• What the exercise asks: Reproduce all the data exactly, without pictures.

*** Data segment Section Begins ***

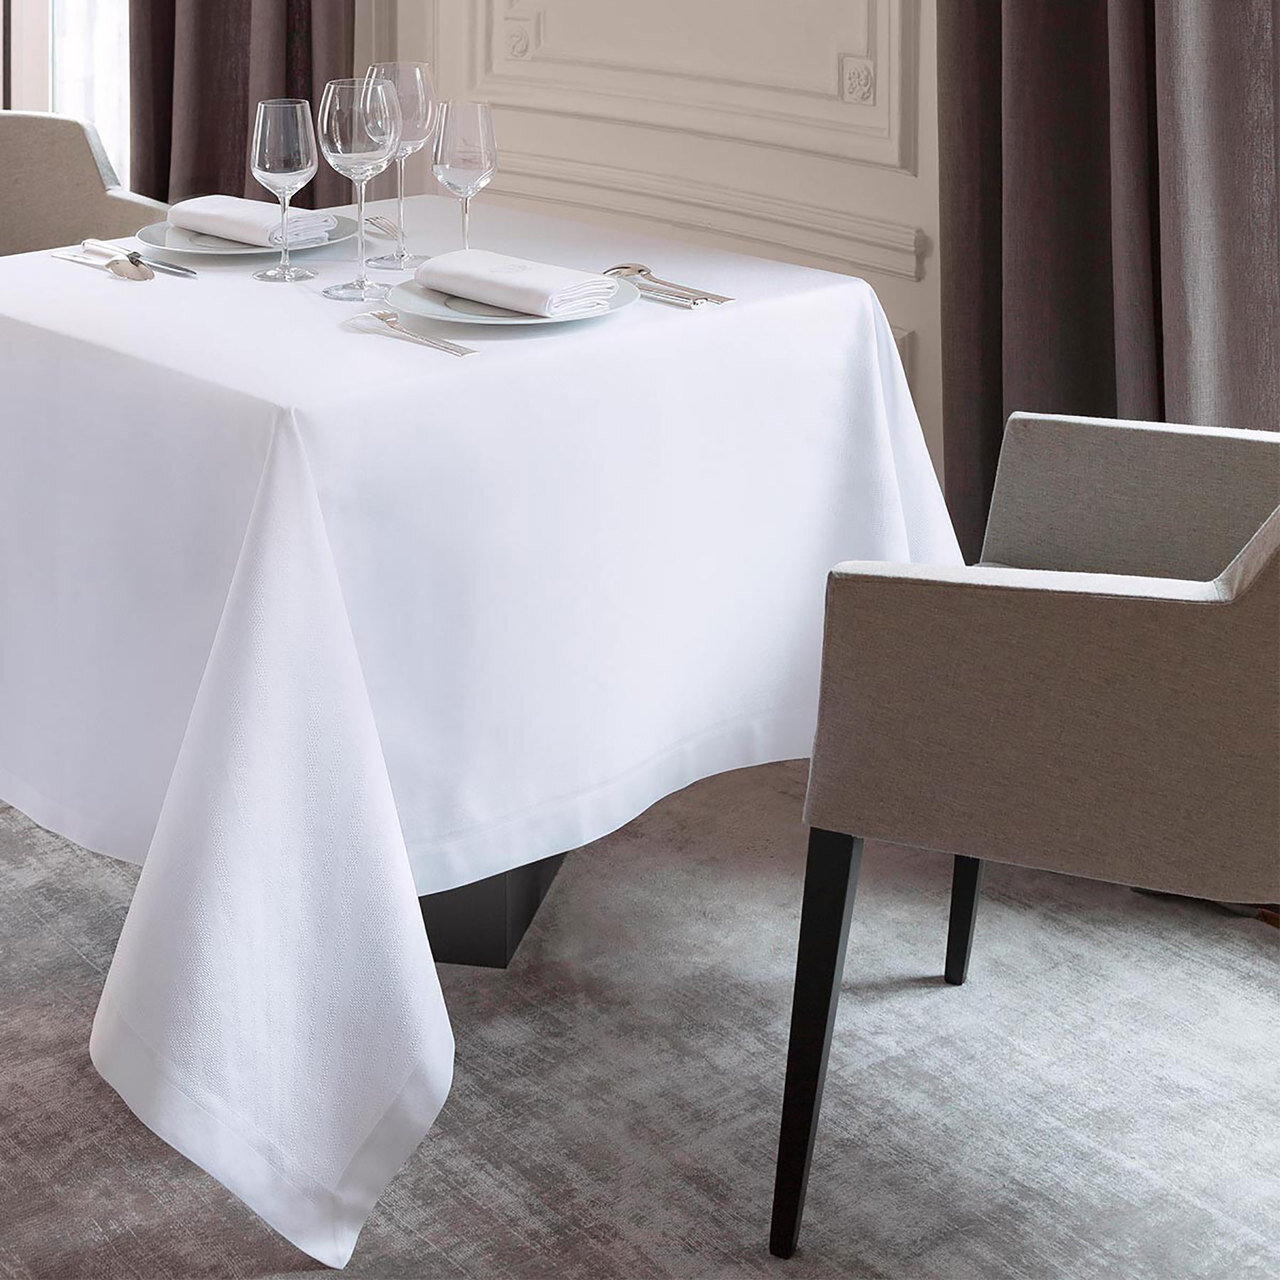 Le Jacquard Offre White Tiret Tablecloth 69x126
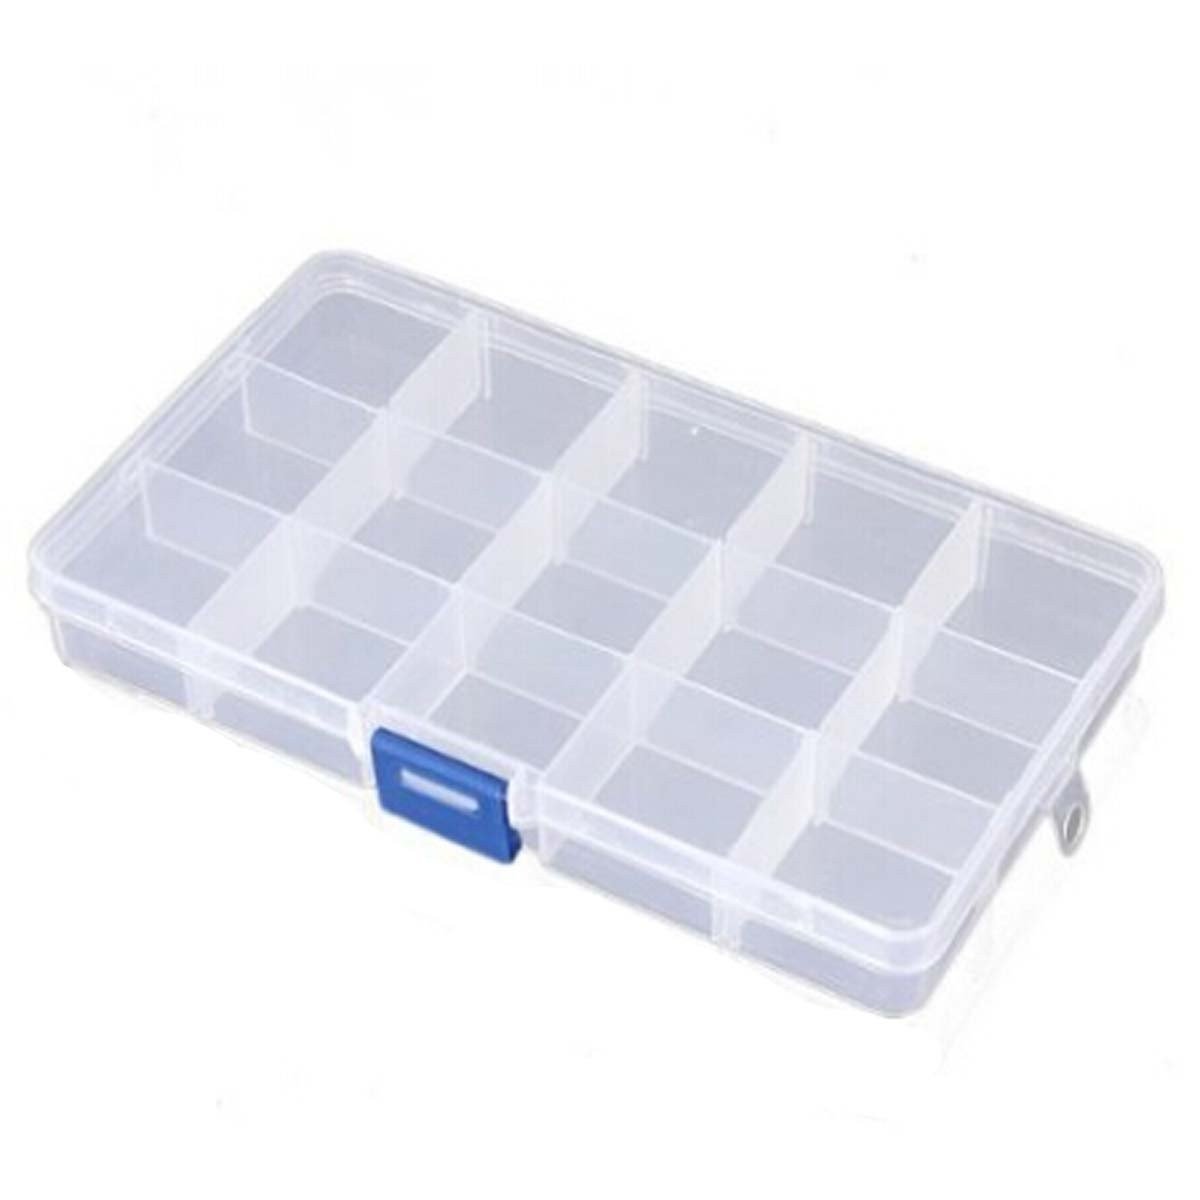 Plastic Storage Box - 15 Compartments - The Hardware Stop
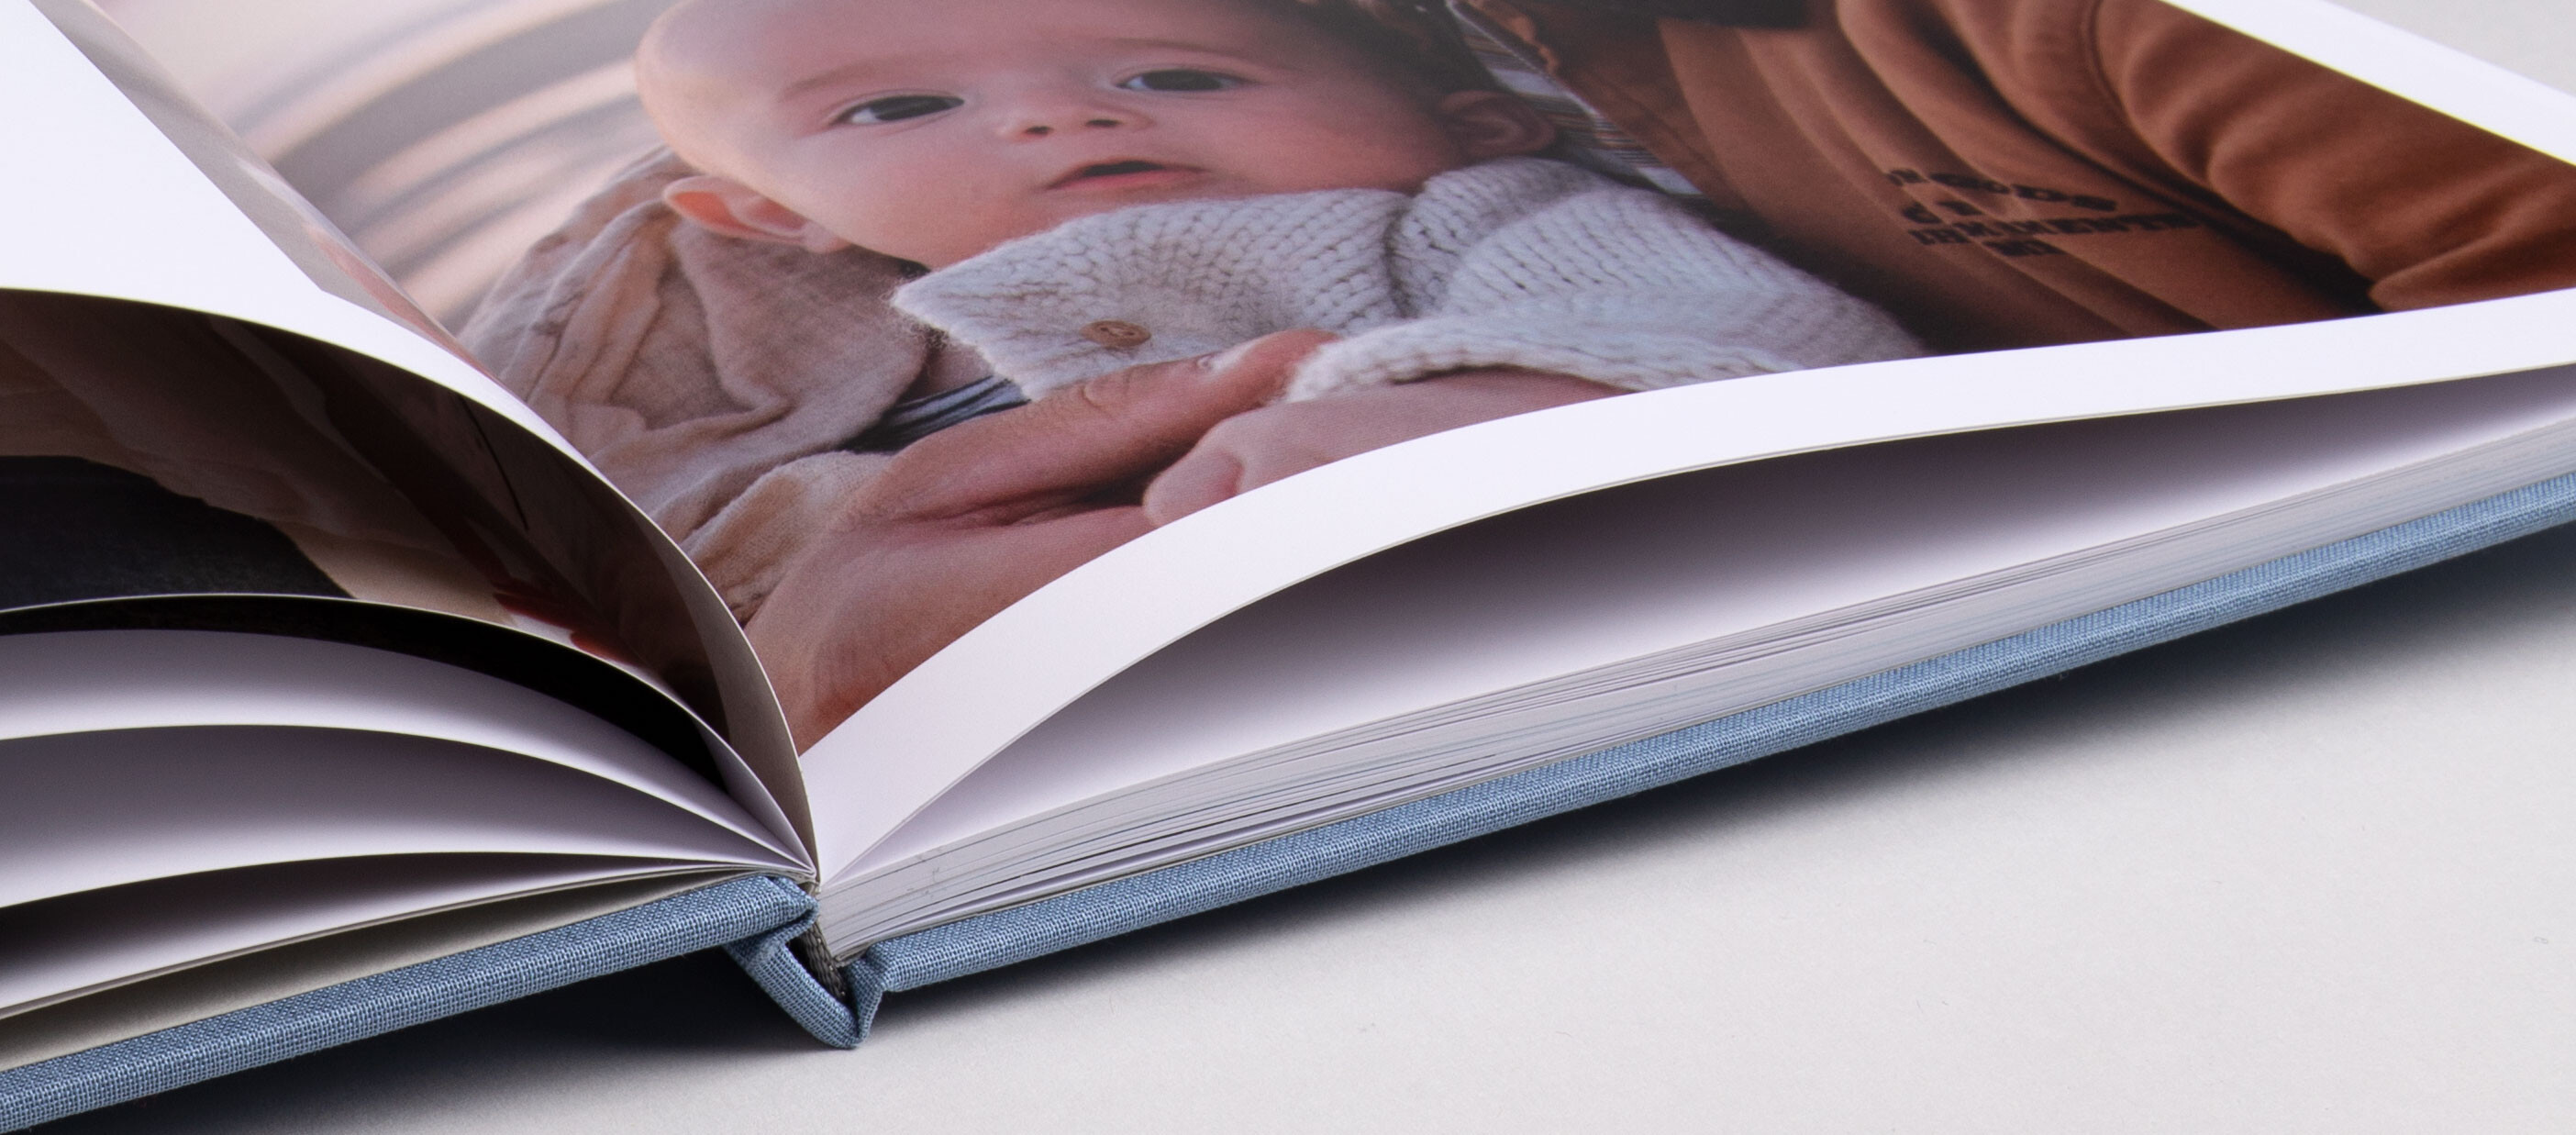 Create a hardcover photo book
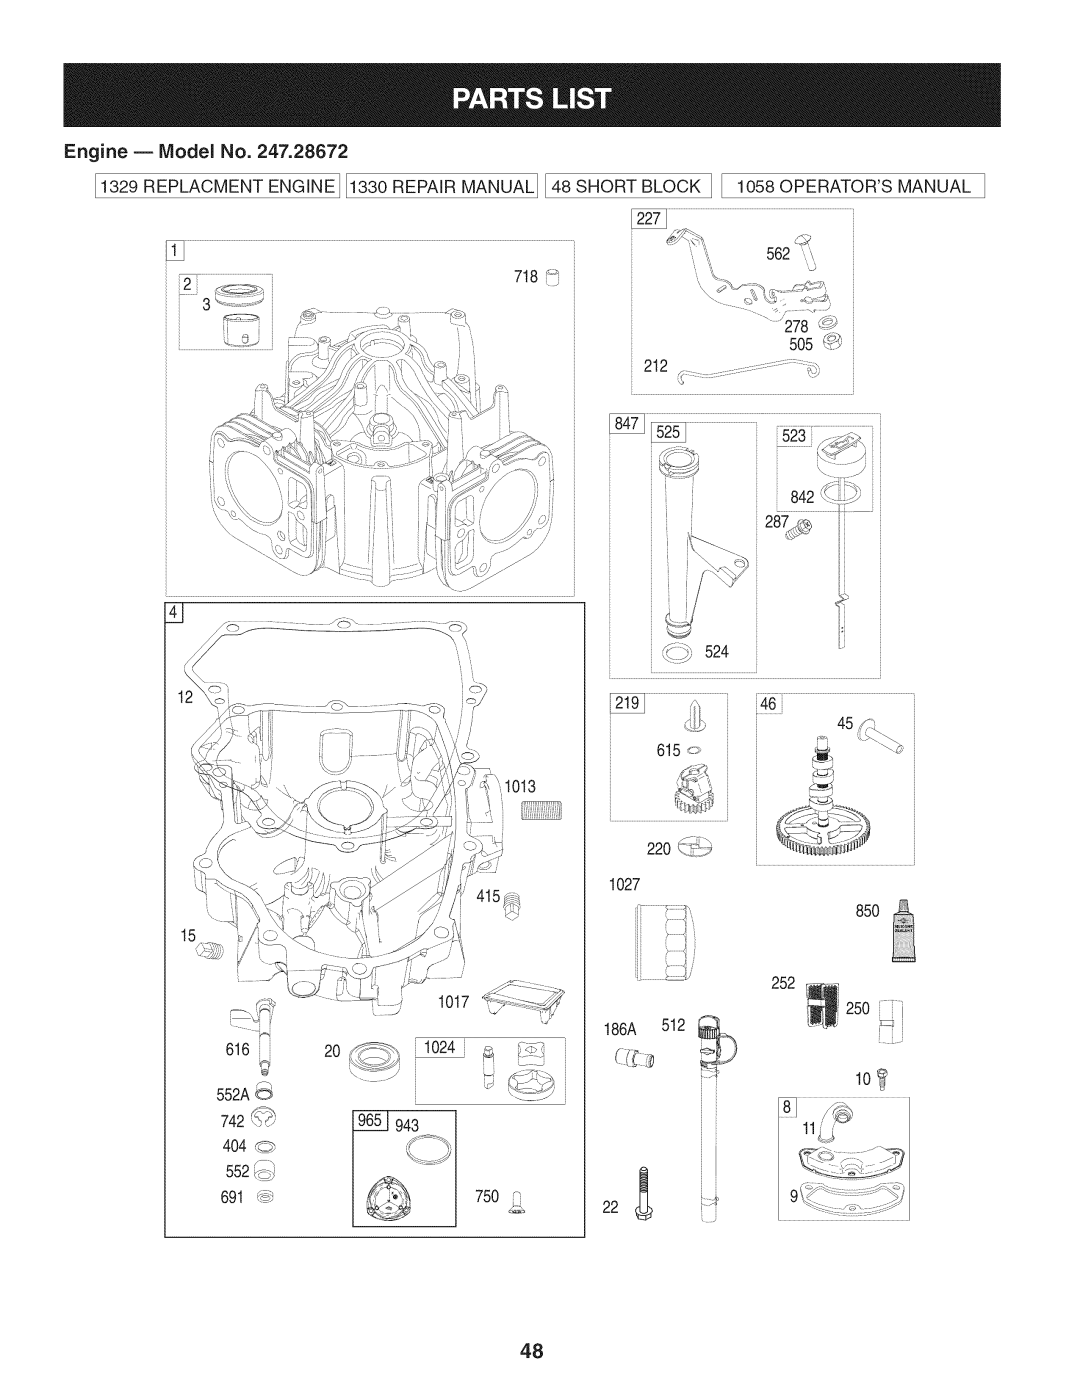 Craftsman PYT 9000, 247.28672 manual Engine B Model No, 505d_, i•46, 742 _

*** Data segment Section Ends ***

• Solution for this task:
 Le Jacquard Offre White Tiret Tablecloth 69x126
 Plastic Storage Box - 15 Compartments - The Hardware Stop
 Create a hardcover photo book
 Craftsman PYT 9000, 247.28672 manual Engine B Model No, 505d_, i•46, 742 _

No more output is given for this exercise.